Hello! I hve the same problem, when I use mergePairs, the merging starts but crashes in the middle with the error:
"Error in readBin(con, raw(), n) : error reading from the connection"
Weirdly, this happens at a different sample every time I try. I have also tried and made sure that all of my filtFs and filtRs paths are openable and that all dadaFs and dadaRs have the same samples in same order as filtFs and filtRs. I also tried with both RStudio and just R. Nothing seems to help. It seems indeed that there is some problem in opening a file, but since its not about the specific fastq file, I'm at loss as to how to fix this. Any thoughts?
Here's my code:
library(dada2)
#READ IN
#dada objects dadaFs<-readRDS("dadaFs.rds") dadaRs<-readRDS("dadaRs.rds")
#file paths filtFs<-readRDS("filtFs.rds") filtRs<-readRDS("filtRs.rds")
#MERGE
mergers <- mergePairs(dadaFs, filtFs, dadaRs, filtRs, verbose=TRUE)
And here's my session Info:
R version 4.2.3 (2023-03-15) Platform: aarch64-apple-darwin20 (64-bit) Running under: macOS Monterey 12.3.1
Matrix products: default BLAS: /Library/Frameworks/R.framework/Versions/4.2-arm64/Resources/lib/libRblas.0.dylib LAPACK: /Library/Frameworks/R.framework/Versions/4.2-arm64/Resources/lib/libRlapack.dylib
locale: [1] en_US.UTF-8/en_US.UTF-8/en_US.UTF-8/C/en_US.UTF-8/en_US.UTF-8
attached base packages: [1] stats graphics grDevices utils datasets methods base
other attached packages: [1] dada2_1.26.0 Rcpp_1.0.10
loaded via a namespace (and not attached):
[1] SummarizedExperiment_1.28.0 tidyselect_1.2.0
[3] reshape2_1.4.4 lattice_0.21-8
[5] colorspace_2.1-0 vctrs_0.6.2
[7] generics_0.1.3 stats4_4.2.3
[9] utf8_1.2.3 rlang_1.1.1
[11] pillar_1.9.0 DBI_1.1.3
[13] glue_1.6.2 BiocParallel_1.32.6
[15] BiocGenerics_0.44.0 RColorBrewer_1.1-3
[17] matrixStats_0.63.0 jpeg_0.1-10
[19] GenomeInfoDbData_1.2.9 lifecycle_1.0.3
[21] plyr_1.8.8 stringr_1.5.0
[23] zlibbioc_1.44.0 MatrixGenerics_1.10.0
[25] Biostrings_2.66.0 munsell_0.5.0
[27] gtable_0.3.3 hwriter_1.3.2.1
[29] codetools_0.2-19 latticeExtra_0.6-30
[31] Biobase_2.58.0 IRanges_2.32.0
[33] GenomeInfoDb_1.34.9 parallel_4.2.3
[35] fansi_1.0.4 scales_1.2.1
[37] DelayedArray_0.24.0 S4Vectors_0.36.2
[39] RcppParallel_5.1.7 XVector_0.38.0
[41] ShortRead_1.56.1 deldir_1.0-9
[43] interp_1.1-4 Rsamtools_2.14.0
[45] ggplot2_3.4.4 png_0.1-8
[47] stringi_1.7.12 dplyr_1.1.2
[49] GenomicRanges_1.50.2 grid_4.2.3
[51] cli_3.6.1 tools_4.2.3
[53] bitops_1.0-7 magrittr_2.0.3
[55] RCurl_1.98-1.12 tibble_3.2.1
[57] crayon_1.5.2 pkgconfig_2.0.3
[59] Matrix_1.5-4 R6_2.5.1
[61] GenomicAlignments_1.34.1 compiler_4.2.3
#file paths filtFs<-readRDS("filtFs.rds") filtRs<-readRDS("filtRs.rds")

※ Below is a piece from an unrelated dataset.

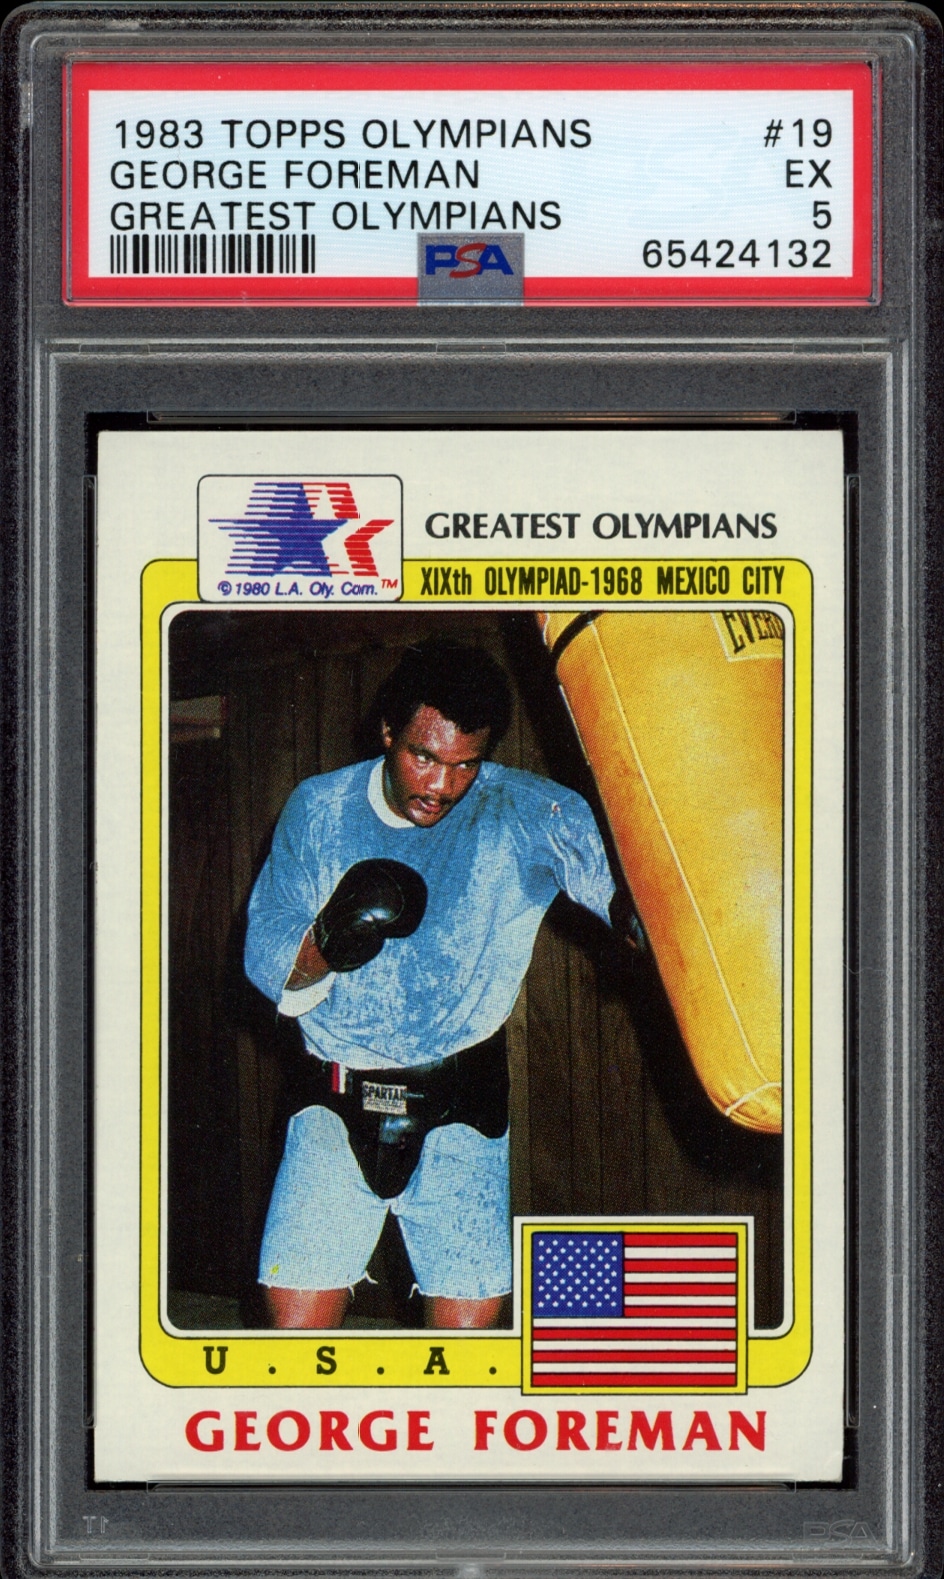 1983 Topps George Foreman Olympian card, PSA graded EX 5, dynamic boxing pose.

This is potentially problematic. How stable are the file paths between when you saved these and now? If there is any discrepancy, errors like the one you are seeing are possible.

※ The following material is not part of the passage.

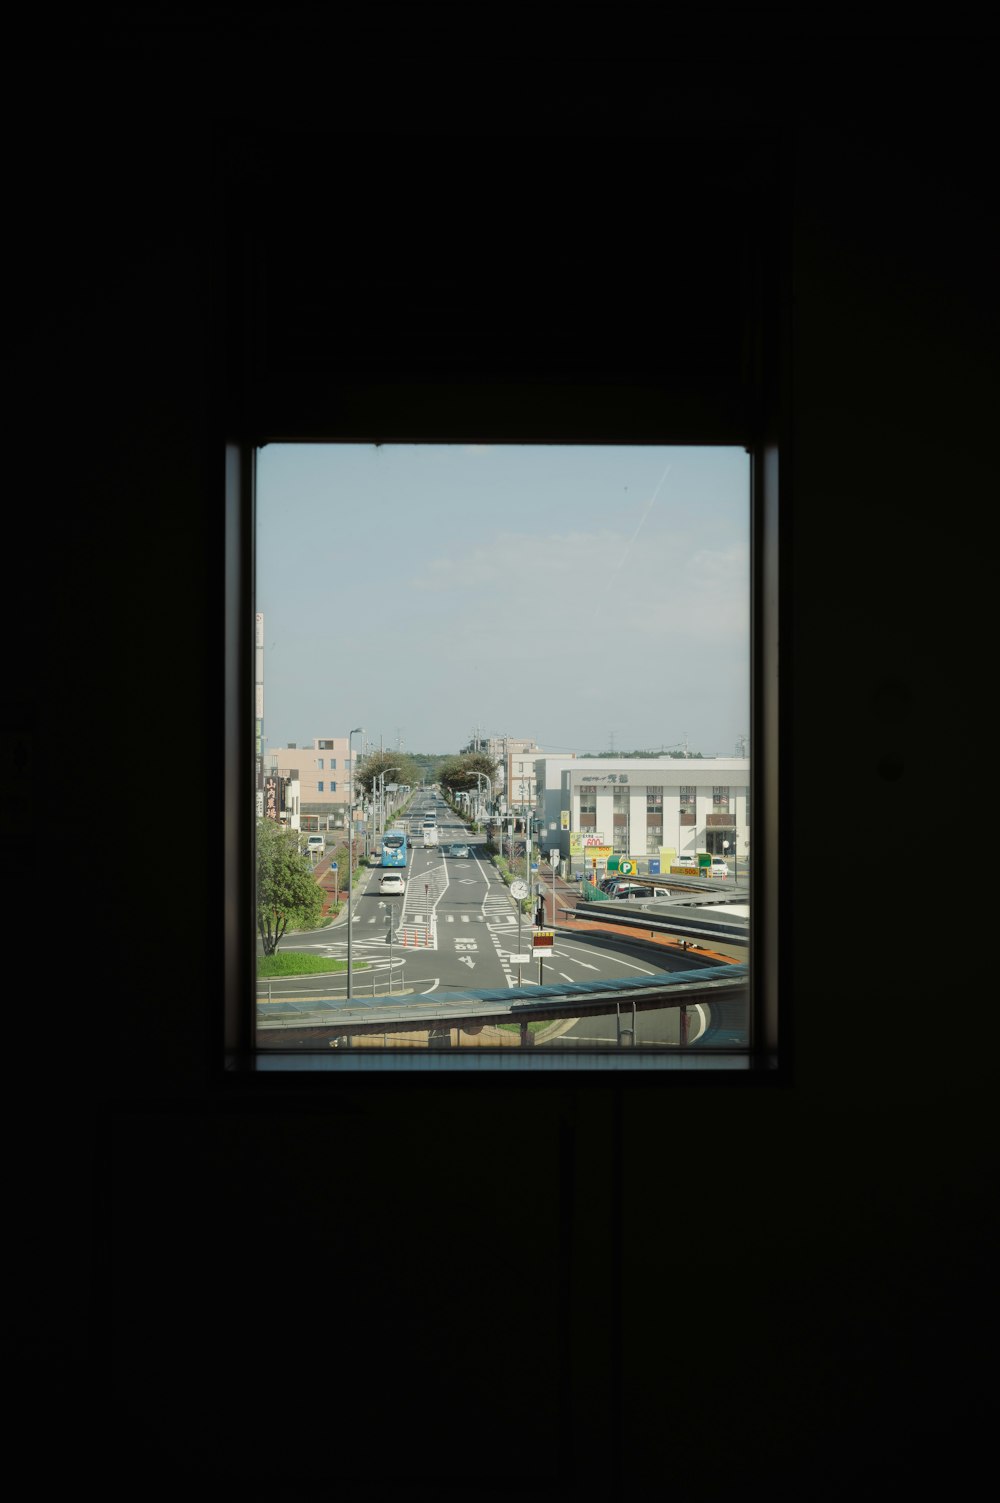 a view of a street from a window in a building

I made a loop that calls each path with readFastq() (from package Shortread) and checks it is openable. All of the paths seem fine in that the files open OK.

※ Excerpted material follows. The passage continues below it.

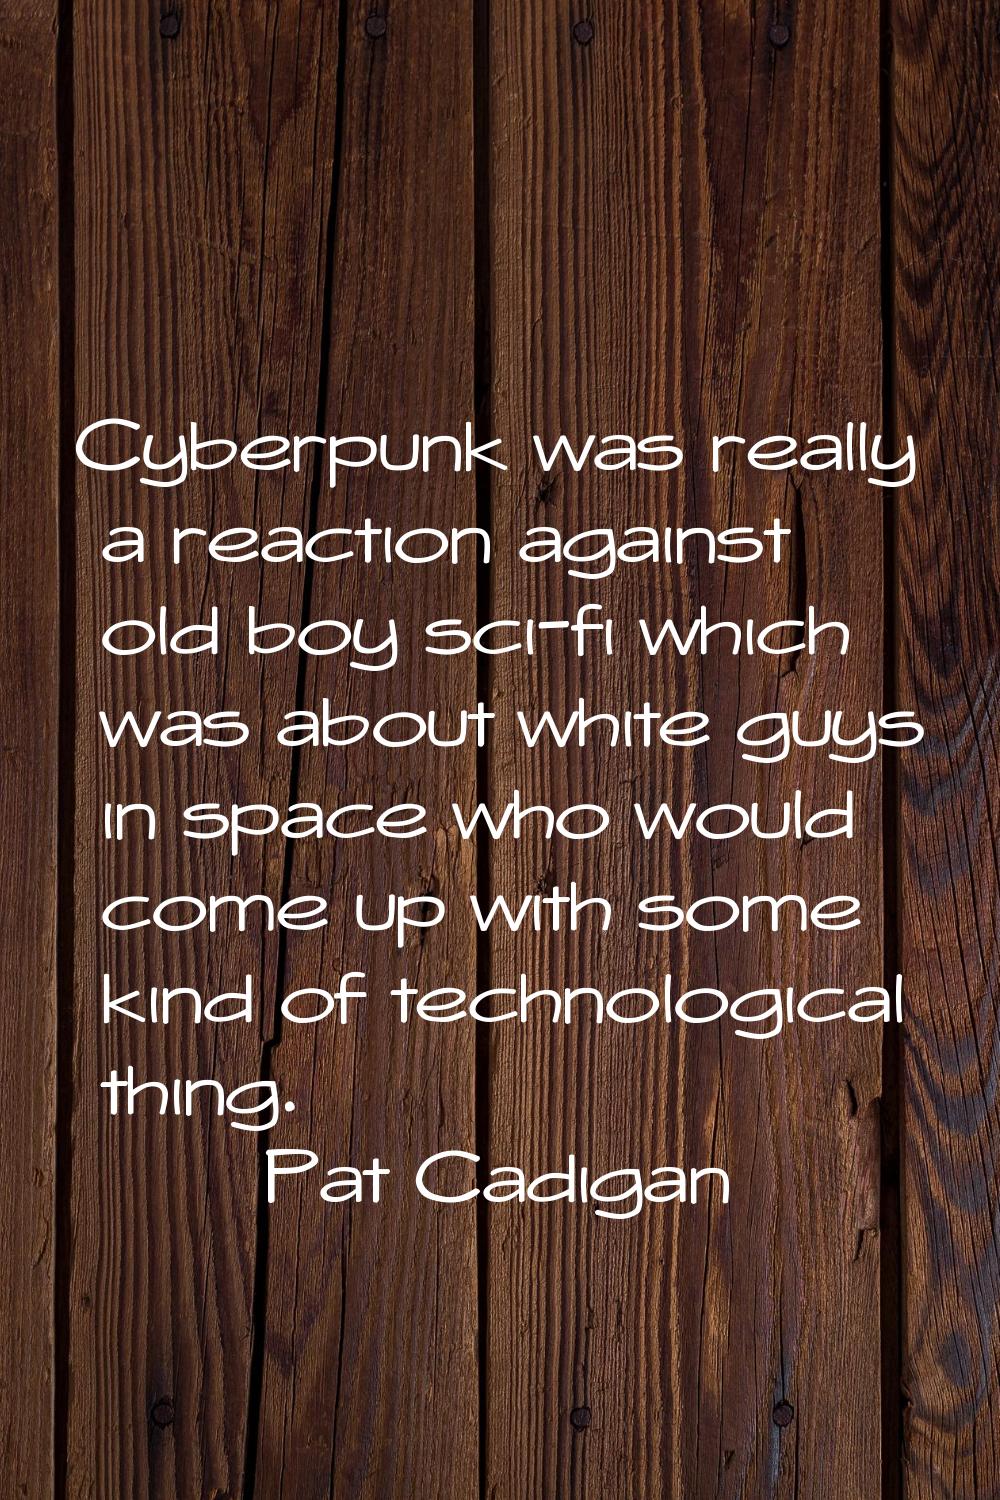 Cyberpunk was really a reaction against old boy sci-fi which was about white guys in space who woul

I had this same error when calling plotQualityProfile
with a vector of file names:
Error: BiocParallel errors
1 remote errors, element index: 1
0 unevaluated and other errors
first remote error: error in evaluating the argument 'dirPath' in selecting a method for function 'qa': error reading from the connection
I isolated the gzip file that was crashing it and tested the file with gzip -t
. Corrupted gzip file cause this problem in my case.